Last October’s budget increase in National Insurance Contributions (NICs), it seems, have resulted in increasing pressure, not just on retailers but on their landlords as well. Retailers’ wage bills have increased considerably since the budget while River Island alone paid £11.1m in employer NICs, a cost that contributed to its loss-making status. Landlords are now feeling the NICs squeeze indirectly, since retailers generally are pushing back on rents to offset their rising wage bills. 

The NIC rise has been shown to be fuelling downstream rent reductions and store closures. It's a domino effect wage inflation is leading to tenant distress which in turn leads to requests for rent reductions and store closures. Ultimately, it’s the landlords who are left in a no win situation: reduce rents or face an uncertain void period, with all the extra costs that entails.

Increasing competition

River Island can trace its roots back to a fruit and vegetable market stall started by the Lewis family in north London in 1948. A move into knitting wool sales led to entering the retail fashion trade in the 1970s under the Chelsea Girl and Concept Man brands. These two were eventually merged into River Island in 1988.
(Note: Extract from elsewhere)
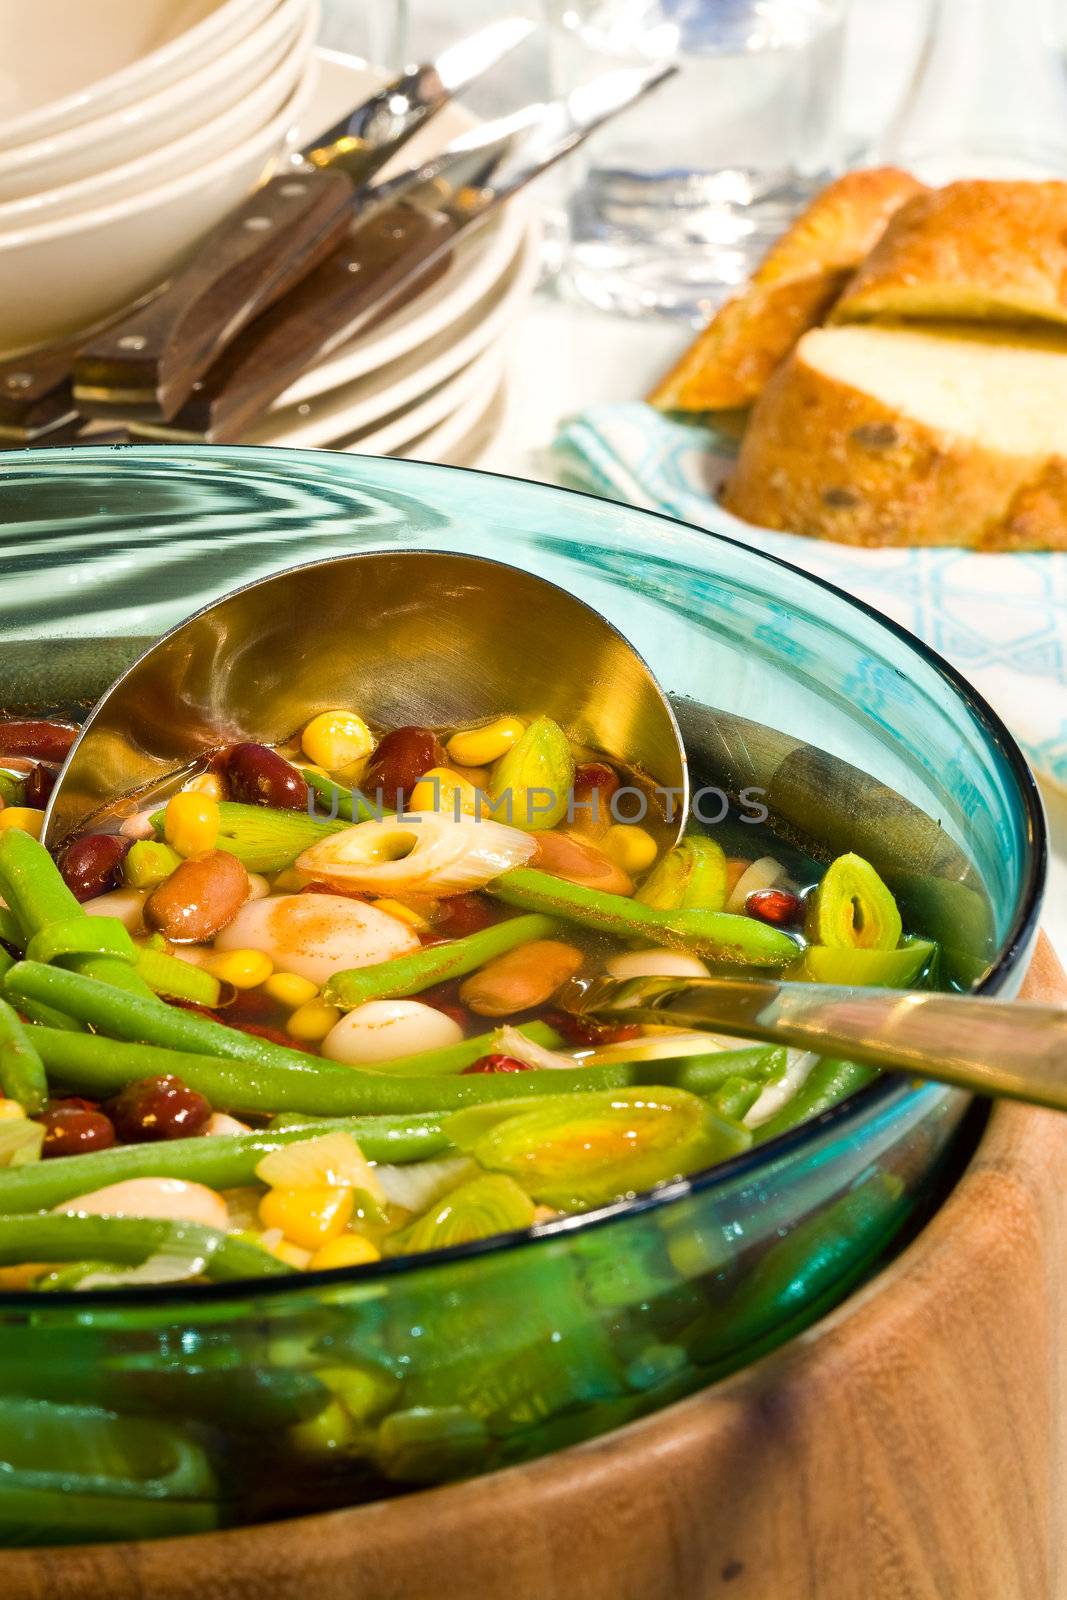 Vegetable soup by Gravicapa

River Island began selling clothing under the Lewis’s name in the 1940s and desperately needed this restructuring plan to help it save more than 4,000 jobs by closing 33 of its chain of 230 stores. While it will also benefit from the rent reductions, the company is by no means out of the woods as people continue the shift to buying online.

The plan will reduce the company’s cost base, but still more than 1,000 jobs and a further 70 sites at risk. Ben Lewis, the retailer’s chief executive, has been quoted as saying the reduction in rent payments will enable the company to “align our store estate to our customers’ needs. We are pleased that River Island’s restructuring plan has been approved by the high court.

“We have a clear transformation strategy to ensure the long-term viability of the business, and this decision gives us a strong platform to deliver this. Recent improvements in our fashion offer and shopping experience are starting to show results, and the restructuring plan will enable us to align our store estate to our customers’ needs,” Mr Lewis said.

The ruling has wide-ranging implications for landlords

Landlords are being forced to take a haircut. The loss of rental income will have serious implications for some with a substantial cash flow squeeze, not just a cut in some instances, but no rent at all.

Rental yields are the determining factor in the commercial property industry when valuations are done. No rent means a serious drop in the value of a commercial property, often leading to the breaching of financing or LTV covenants. It leaves them paying higher rates of interest or being told to provide an equity injection. 

This court decision, if it stands, sets a precedent risk as other struggling retailers may well go down the same route: retailers like Poundland could soon follow, expecting to get the same outcome. An appeal is possible but will take time and it is expensive. According to CityAM, few landlords are in a position right now to take up the challenge of an appeal, even if they believe they could succeed.